- Dataset content:
--------------------------------
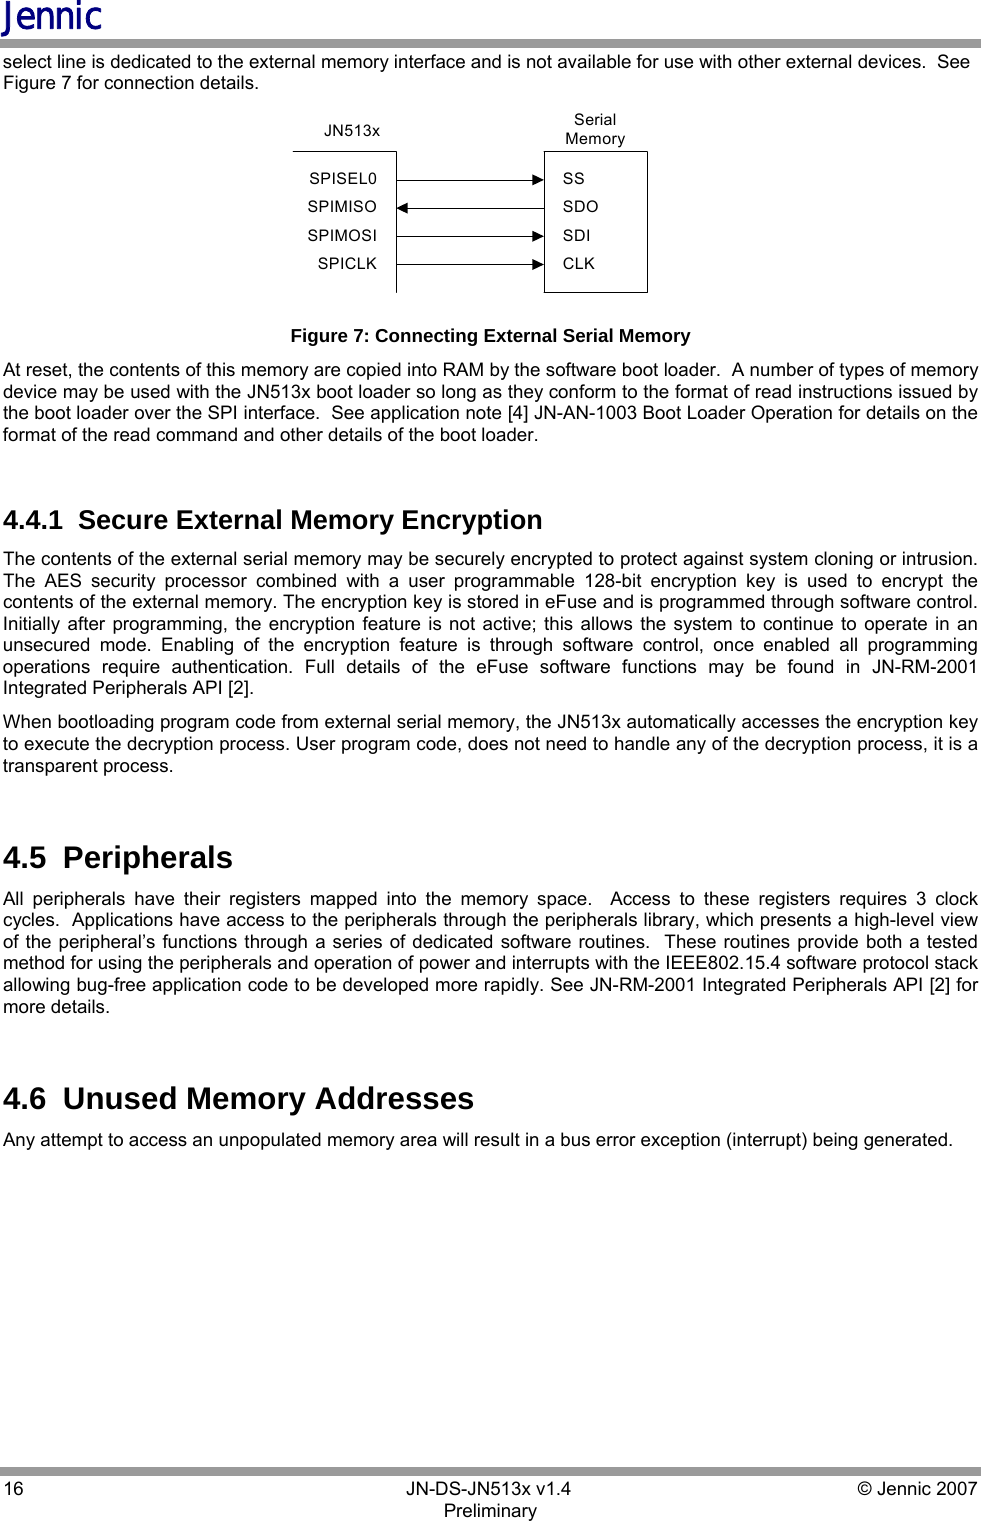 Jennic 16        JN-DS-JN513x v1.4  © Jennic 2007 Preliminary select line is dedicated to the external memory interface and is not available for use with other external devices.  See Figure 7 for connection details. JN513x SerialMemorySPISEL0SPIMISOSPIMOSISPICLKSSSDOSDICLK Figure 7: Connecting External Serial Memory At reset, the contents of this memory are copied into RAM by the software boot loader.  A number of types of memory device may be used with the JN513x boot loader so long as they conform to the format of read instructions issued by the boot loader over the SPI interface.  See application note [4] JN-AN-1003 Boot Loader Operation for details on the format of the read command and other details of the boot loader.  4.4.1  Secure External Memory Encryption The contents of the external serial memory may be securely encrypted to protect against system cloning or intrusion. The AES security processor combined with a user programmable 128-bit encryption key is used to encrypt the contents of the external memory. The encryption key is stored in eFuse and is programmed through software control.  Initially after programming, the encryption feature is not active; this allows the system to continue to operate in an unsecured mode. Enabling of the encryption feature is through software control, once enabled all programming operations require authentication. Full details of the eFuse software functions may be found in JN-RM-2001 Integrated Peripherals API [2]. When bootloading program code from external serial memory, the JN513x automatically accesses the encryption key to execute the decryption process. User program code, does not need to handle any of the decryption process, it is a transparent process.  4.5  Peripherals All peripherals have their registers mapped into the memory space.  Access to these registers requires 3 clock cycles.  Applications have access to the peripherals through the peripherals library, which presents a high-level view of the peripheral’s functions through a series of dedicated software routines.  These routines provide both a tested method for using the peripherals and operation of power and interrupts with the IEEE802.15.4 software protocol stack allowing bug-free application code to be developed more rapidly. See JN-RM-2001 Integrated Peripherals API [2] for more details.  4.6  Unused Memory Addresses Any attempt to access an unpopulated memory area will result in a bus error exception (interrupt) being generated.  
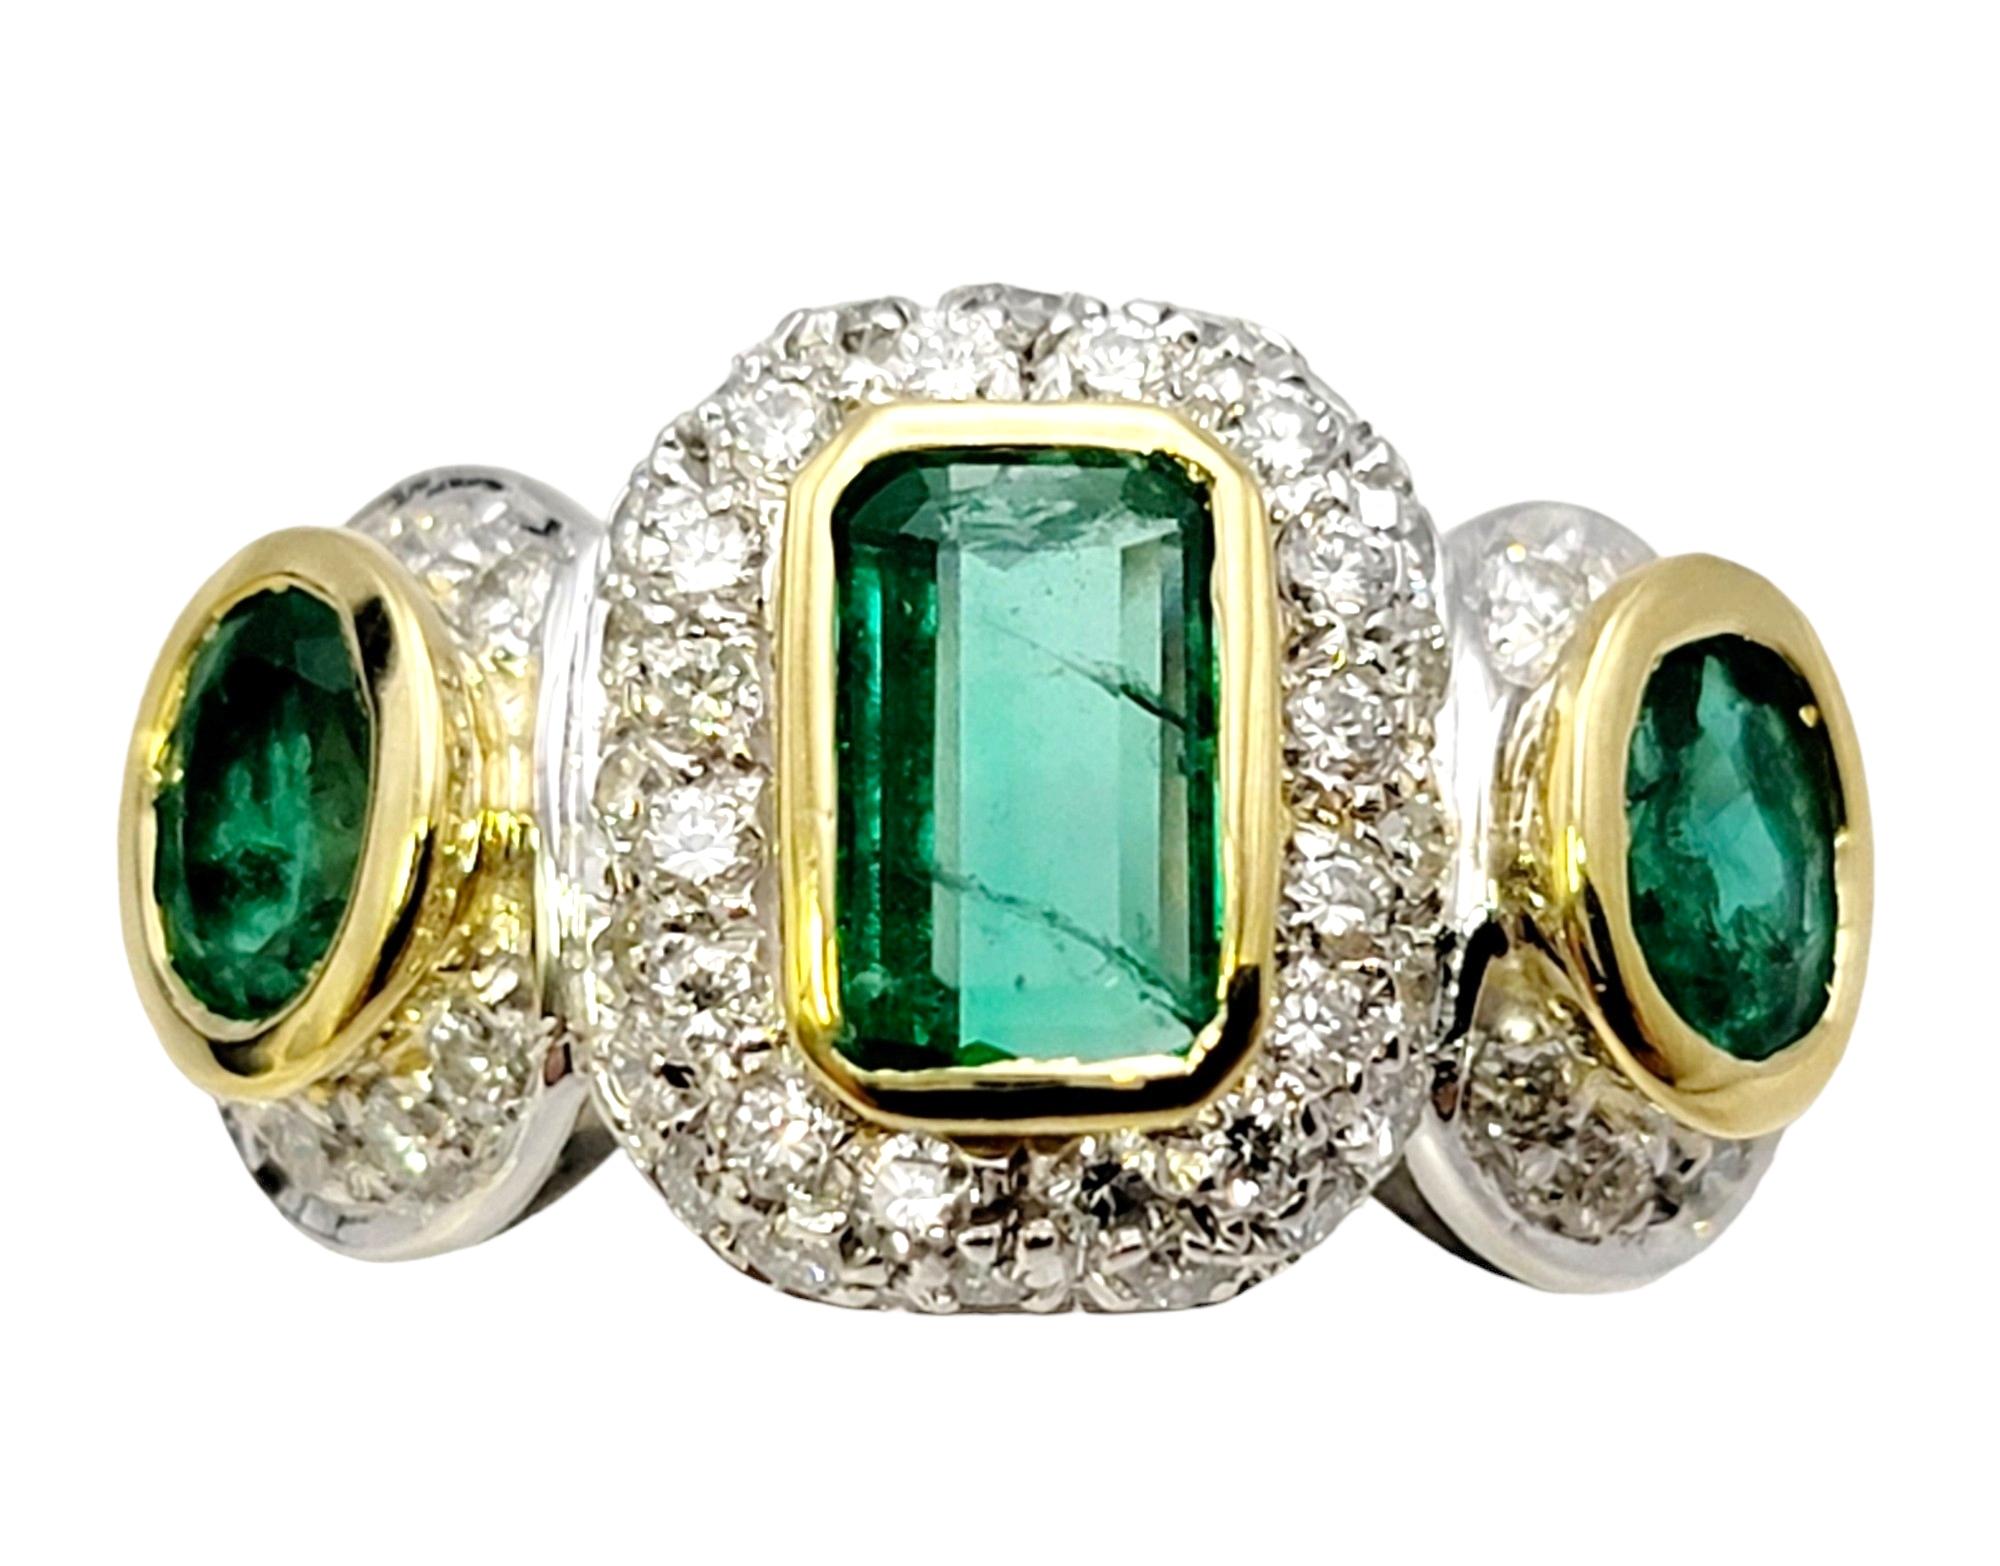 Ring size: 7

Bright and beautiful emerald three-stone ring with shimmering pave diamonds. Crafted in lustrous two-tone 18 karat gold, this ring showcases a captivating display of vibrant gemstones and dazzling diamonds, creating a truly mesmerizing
--------------------------------
- Task to carry out: Repeat the listing above word for word, omitting the pictures.

- Answer space:
 Jennic 16        JN-DS-JN513x v1.4  © Jennic 2007 Preliminary select line is dedicated to the external memory interface and is not available for use with other external devices.  See Figure 7 for connection details. JN513x SerialMemorySPISEL0SPIMISOSPIMOSISPICLKSSSDOSDICLK Figure 7: Connecting External Serial Memory At reset, the contents of this memory are copied into RAM by the software boot loader.  A number of types of memory device may be used with the JN513x boot loader so long as they conform to the format of read instructions issued by the boot loader over the SPI interface.  See application note [4] JN-AN-1003 Boot Loader Operation for details on the format of the read command and other details of the boot loader.  4.4.1  Secure External Memory Encryption The contents of the external serial memory may be securely encrypted to protect against system cloning or intrusion. The AES security processor combined with a user programmable 128-bit encryption key is used to encrypt the contents of the external memory. The encryption key is stored in eFuse and is programmed through software control.  Initially after programming, the encryption feature is not active; this allows the system to continue to operate in an unsecured mode. Enabling of the encryption feature is through software control, once enabled all programming operations require authentication. Full details of the eFuse software functions may be found in JN-RM-2001 Integrated Peripherals API [2]. When bootloading program code from external serial memory, the JN513x automatically accesses the encryption key to execute the decryption process. User program code, does not need to handle any of the decryption process, it is a transparent process.  4.5  Peripherals All peripherals have their registers mapped into the memory space.  Access to these registers requires 3 clock cycles.  Applications have access to the peripherals through the peripherals library, which presents a high-level view of the peripheral’s functions through a series of dedicated software routines.  These routines provide both a tested method for using the peripherals and operation of power and interrupts with the IEEE802.15.4 software protocol stack allowing bug-free application code to be developed more rapidly. See JN-RM-2001 Integrated Peripherals API [2] for more details.  4.6  Unused Memory Addresses Any attempt to access an unpopulated memory area will result in a bus error exception (interrupt) being generated.  
 Ring size: 7

Bright and beautiful emerald three-stone ring with shimmering pave diamonds. Crafted in lustrous two-tone 18 karat gold, this ring showcases a captivating display of vibrant gemstones and dazzling diamonds, creating a truly mesmerizing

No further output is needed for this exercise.